■ ACTIVITY:
Before printing the listing, strip out its pictures and keep everything else exact.

■ SUPPLIED INFORMATION:
/---

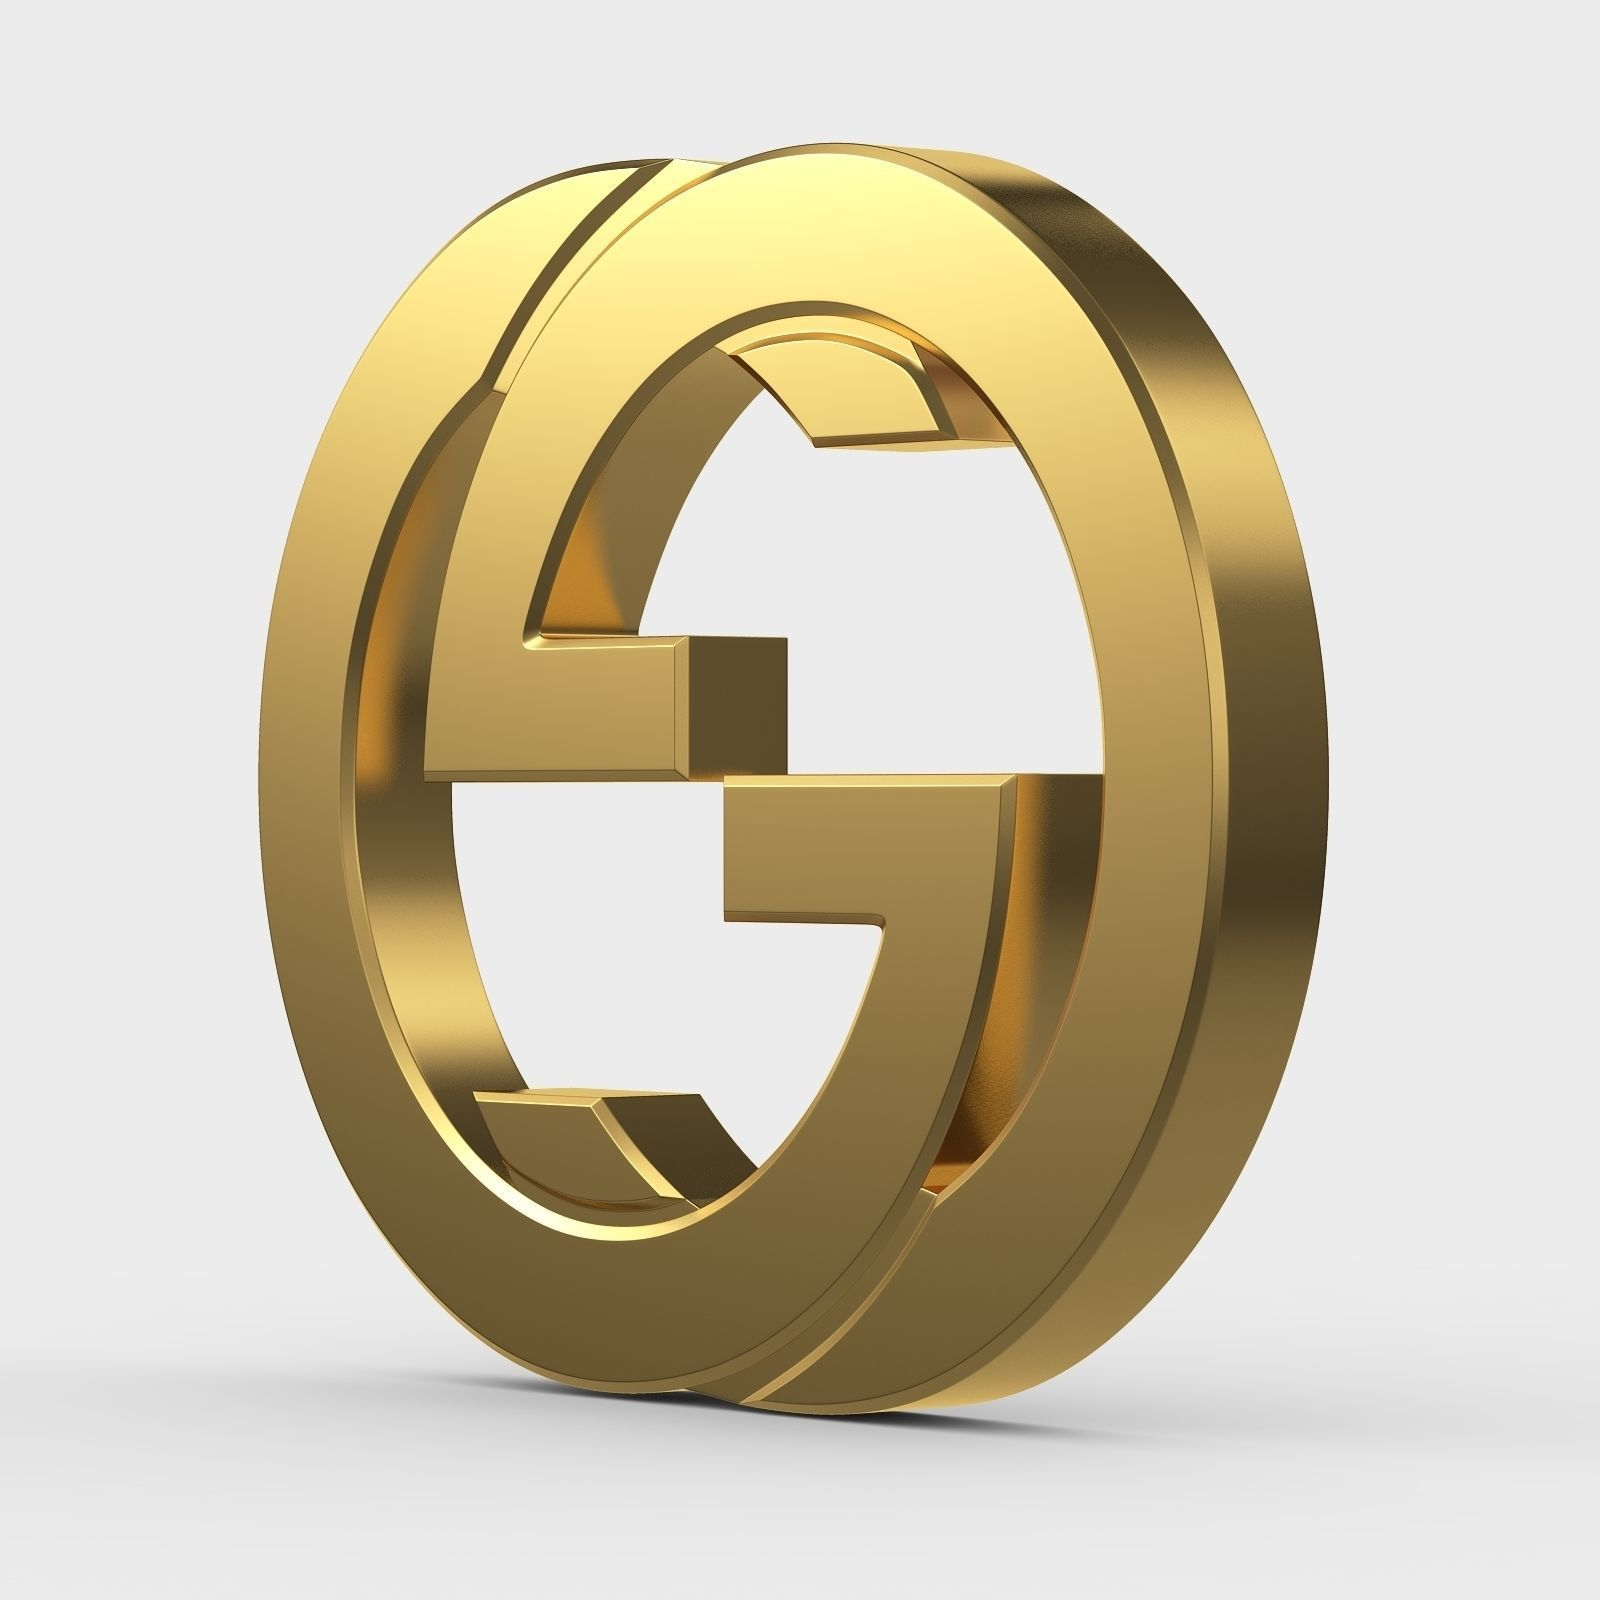 Business Logo Design And Redesign For You and 3 Unique Busines Logo Design
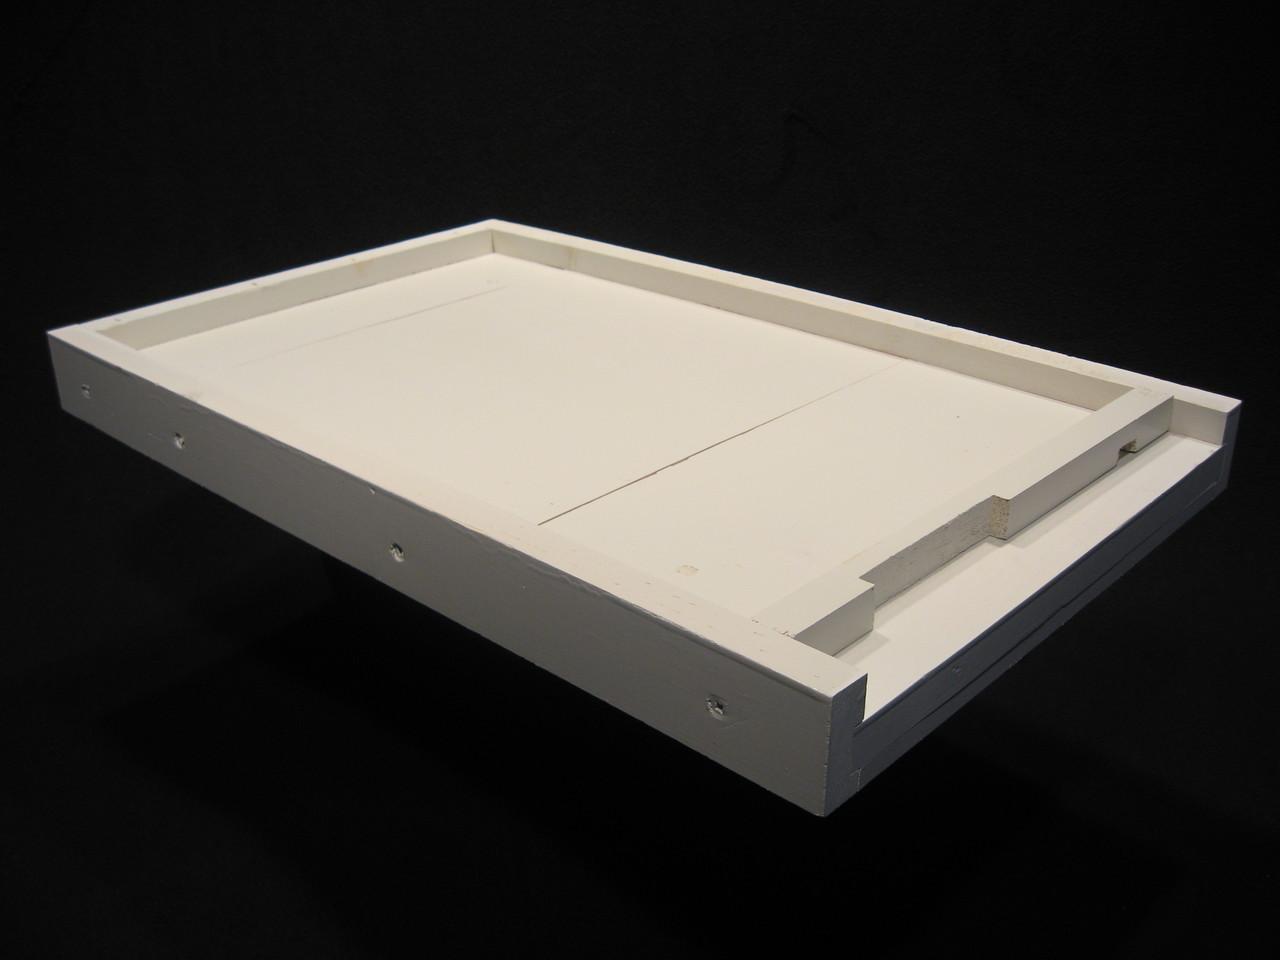 Assembled/Painted 8 frame lid, inner cover, bottom board combo
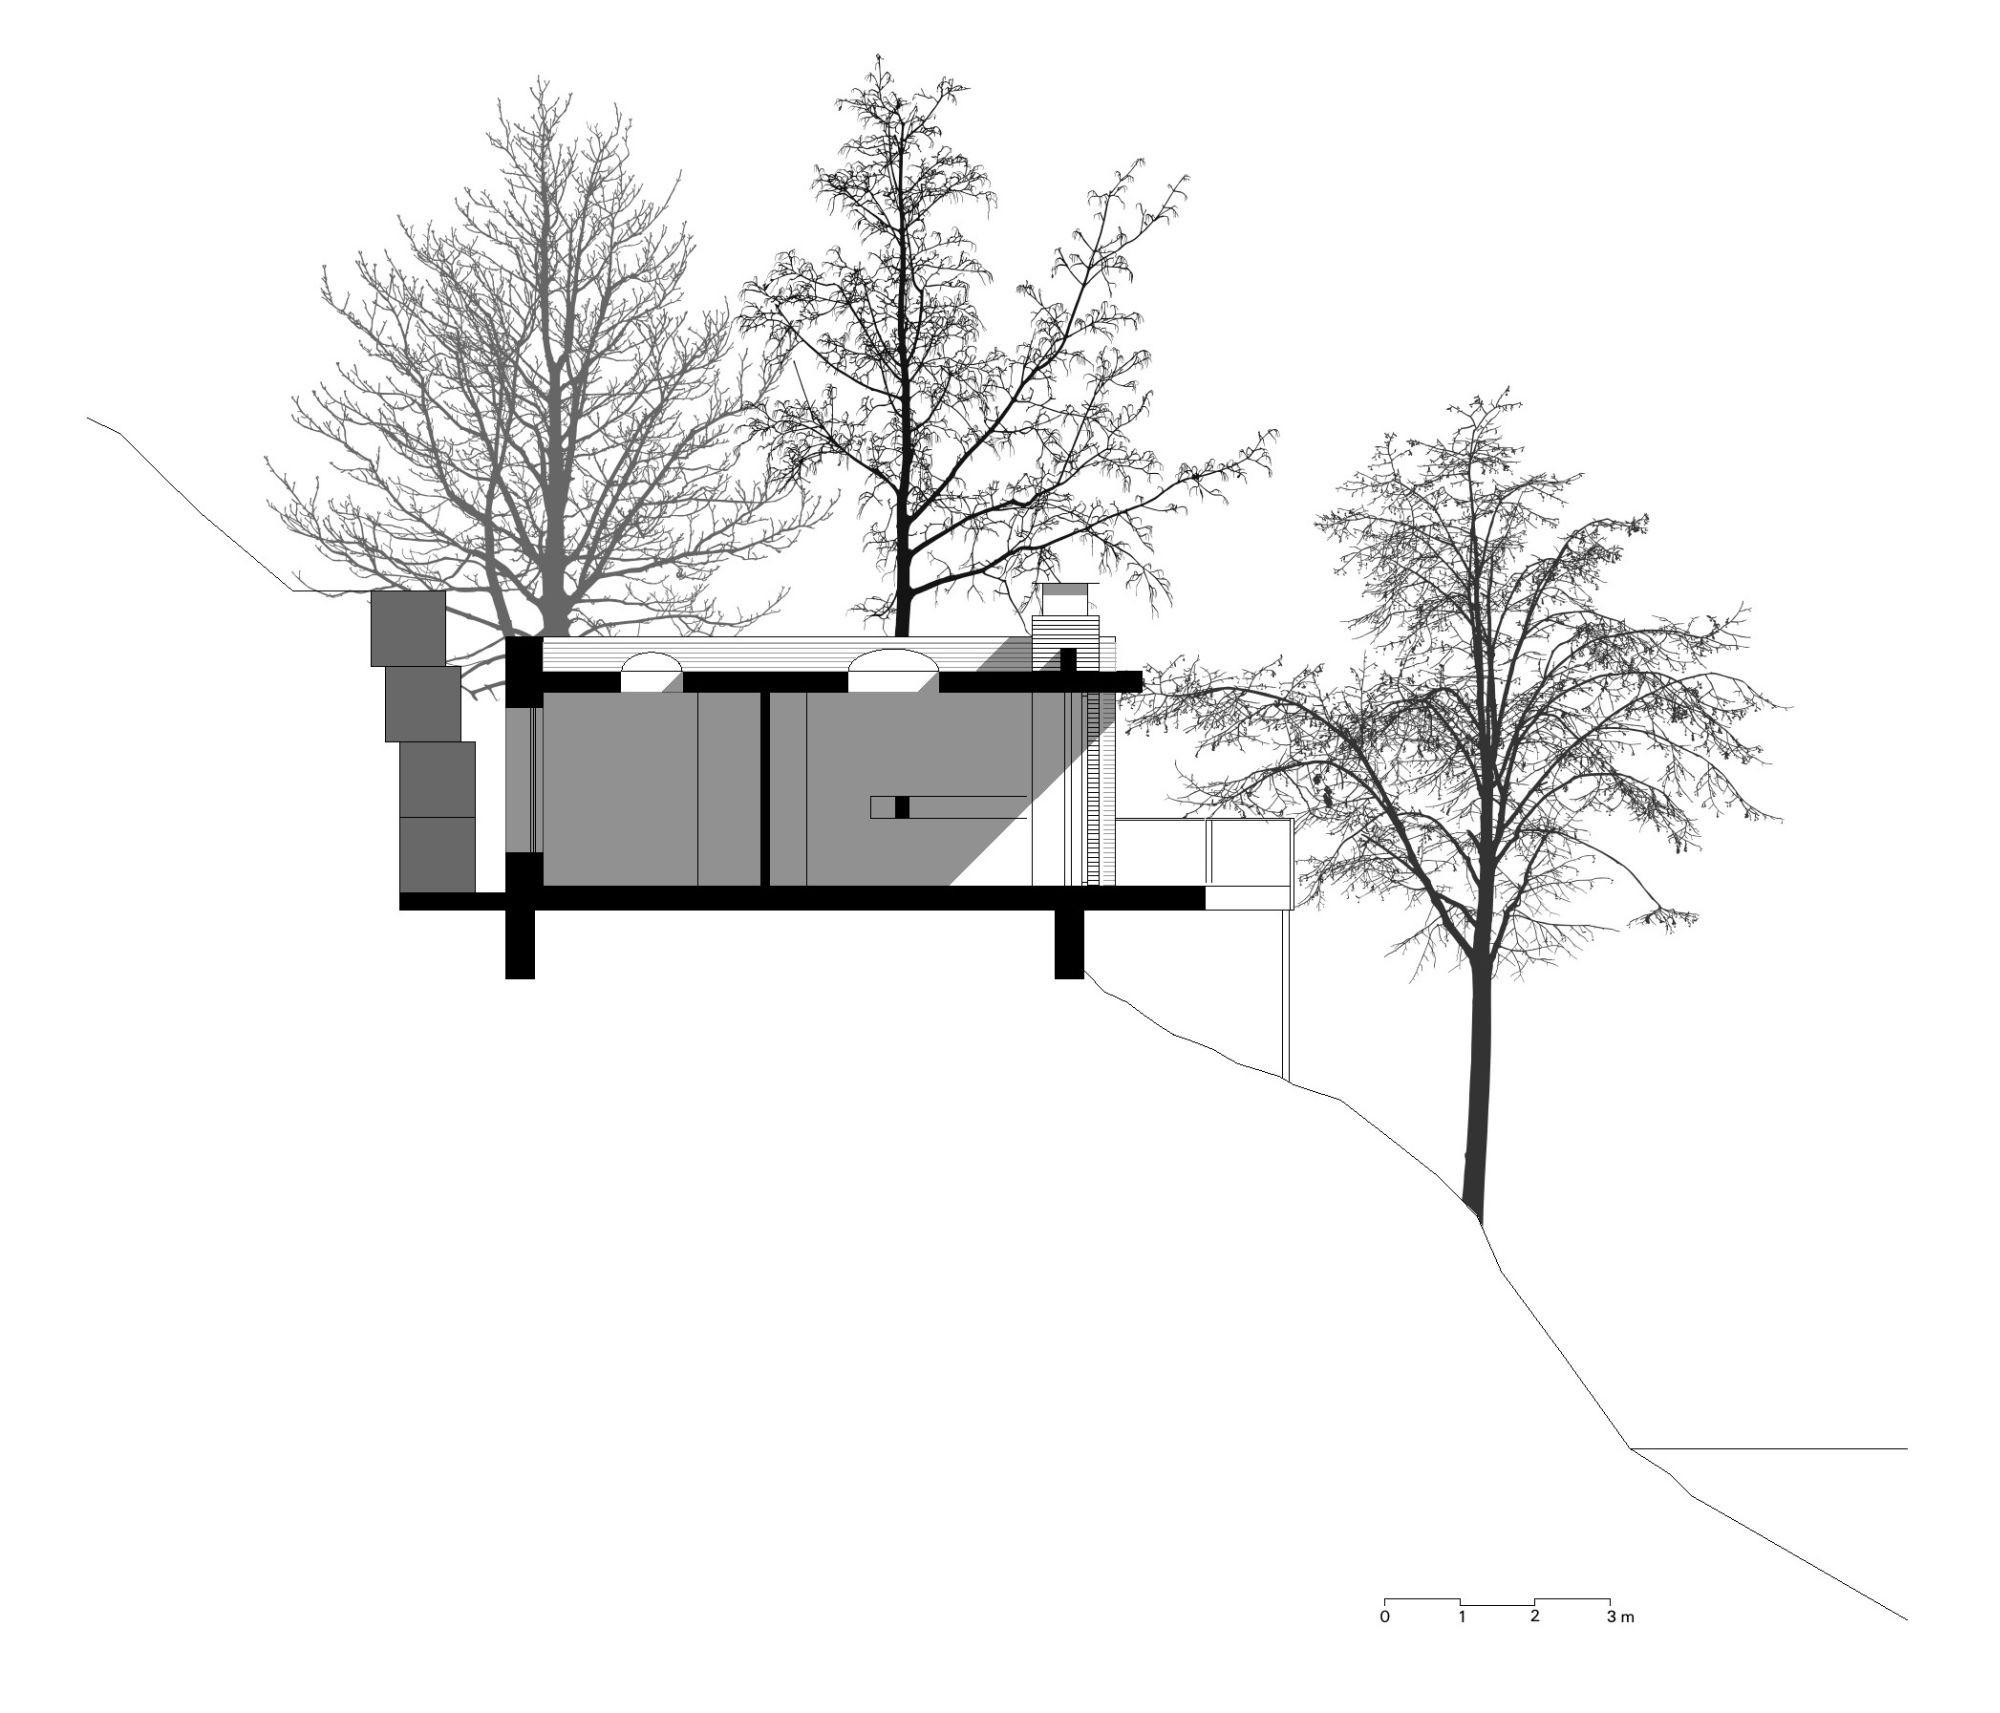 Lhvh Architekten gallery of lake house lhvh architekten 11

\---

■ WRITTEN ANSWER:
 Business Logo Design And Redesign For You and 3 Unique Busines Logo Design
 Assembled/Painted 8 frame lid, inner cover, bottom board combo
 Lhvh Architekten gallery of lake house lhvh architekten 11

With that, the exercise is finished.